The country has also started receiving the first batch of 80 centre pivots worth over $6 million from Spain to aid irrigation under Command Agriculture, as Government moves to adopt new technologies and strengthen infrastructural development in support of the successful import-substitution programme.

The 80 centre pivots will come in batches of 20 and the first batch is said to be ready for shipment, with installation of the units expected to start next month.

Government views farm mechanisation and automation as key to the attainment of food security.

Already the Tokwe-Mukosi Dam is complete and expected to add some 25 000 hectares of irrigated land with a potential of creating a lot of employment opportunities.

These interventions have, however, been benefiting mostly commercial producers. But with the Command Water Harvesting Programme that has just been adopted, communal and small-scale farmers are set to benefit.

Command Water Harvesting programme will ensure communities in the communal areas are able to produce food even during dry times and guarantee household food security and nutrition while boosting their incomes.

The Command Water Harvesting programme, which is being spearheaded by the Ministry of Environment, Water and Climate, will go a long way in mitigating the effects of drought and also ensure farmers produce cash crops to boost their incomes.

Under the programme, small dams and weirs will be constructed to allow collection of water during the rainy season for use during the dry seasons.

The programme also involves repairing of small community dams, rooftop and rock top rainwater harvesting.

This water will be critical during the dry times.

Command Water Harvesting is a noble idea and will also create employment.

Although the dams will be constructed by Zinwa, communities will also play a role to promote a sense of ownership for the infrastructure.

Members of the community, through their local leadership will identify the strategic areas, where the dams will be built.

They will mobilise resources such as cement, rocks, labour and other materials. This means the community will guard jealously against their resources and maintain the dams.

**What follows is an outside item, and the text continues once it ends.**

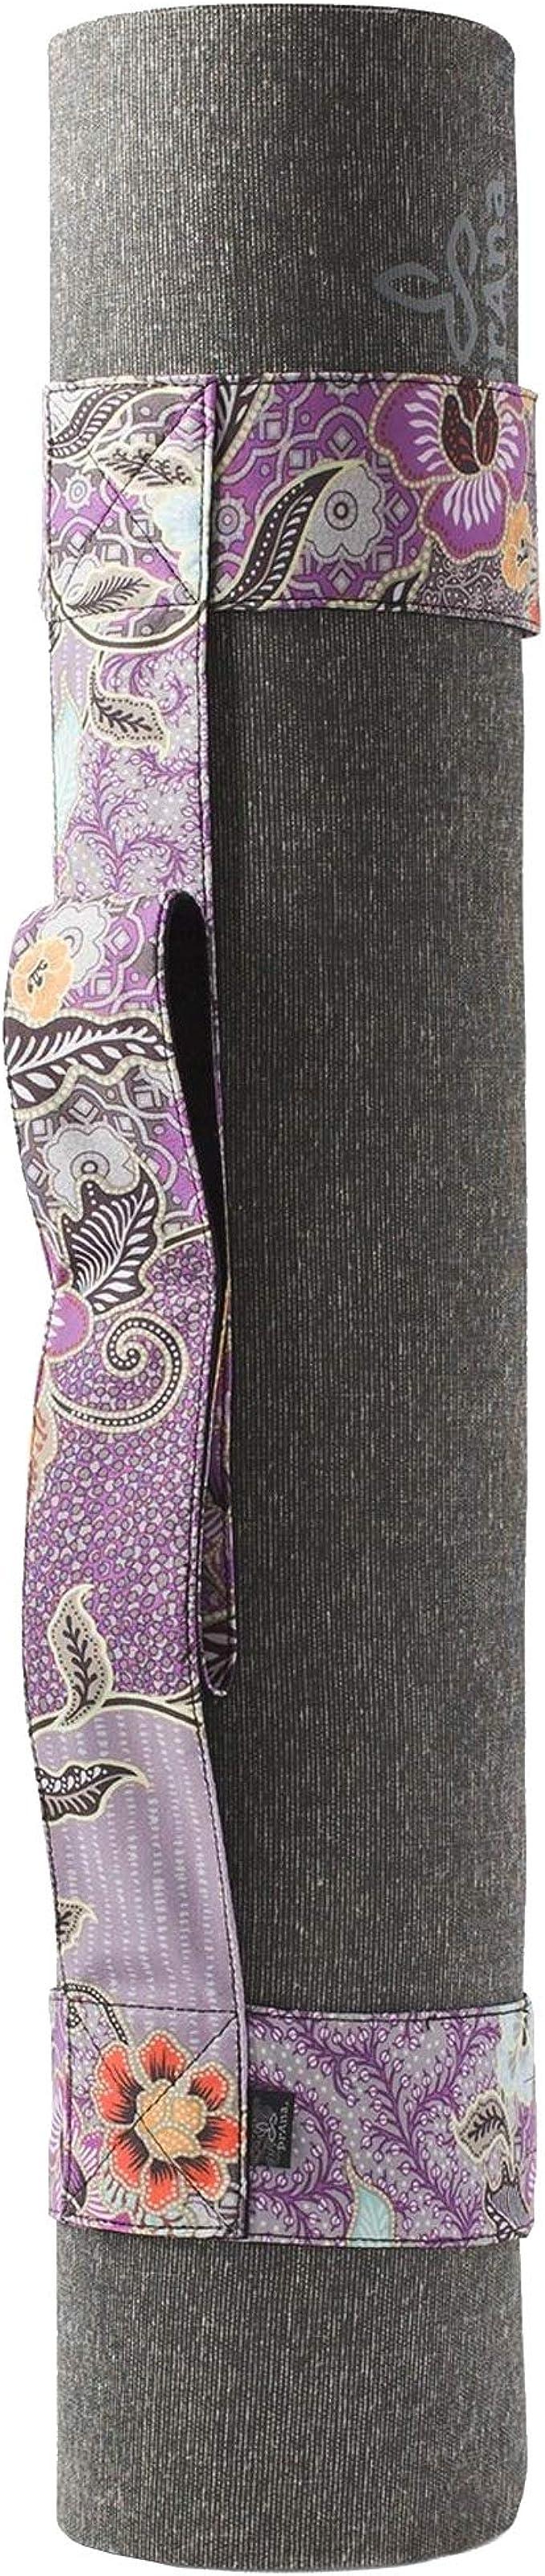 Amazon.com: PrAna - Soporte para alfombra, talla única ...

Siltation has become a major challenge in the country and most dams and rivers are silted.

In essence, Command Water Harvesting is coming in handy, as it will also include de-silting of water bodies.

The new water bodies that are coming on board will also allow people to have sustainable gardens and smallholder irrigation schemes, which will boost income generation and create employment.

Communal farmers are the main food producers and by empowering them, the country will be assured of household and national food security.

Even in drier periods, communal areas will no longer rely food handouts from donors.

Through irrigation, many communal farmers will engage in horticulture, while others may also venture into fisheries and enhanced livestock production projects.

After the Government has done its part, farmers should be responsible by maintaining the water bodies and also practising good agricultural practices.

Government has also introduced the Command Fisheries programme to help communal farmers improve on nutrition.

It is also important that as farmers are empowered to produce crops throughout the year, they are also assisted to secure markets for their produce.

It is disturbing that after hard work, farmers end up selling their produce at give-away prices.

There are instances when agricultural produce flood the markets and farmers end up losing out.

This means there is need for farmers to know the market requirements and to get assistance from extension officers on the best crops to produce at a given time.

Government is also promoting value addition, which should increase the value of agricultural produce.

Instead of farmers selling unprocessed goods, they can take advantage of processing plants that will be established or they can process their produce and sell finished products. This also means more money for the farmers.

It is refreshing that Government is now pushing for the adoption of a deliberate strategy to increase the hectarage under irrigation in all its forms, that is, drip irrigation and centre pivots, among others.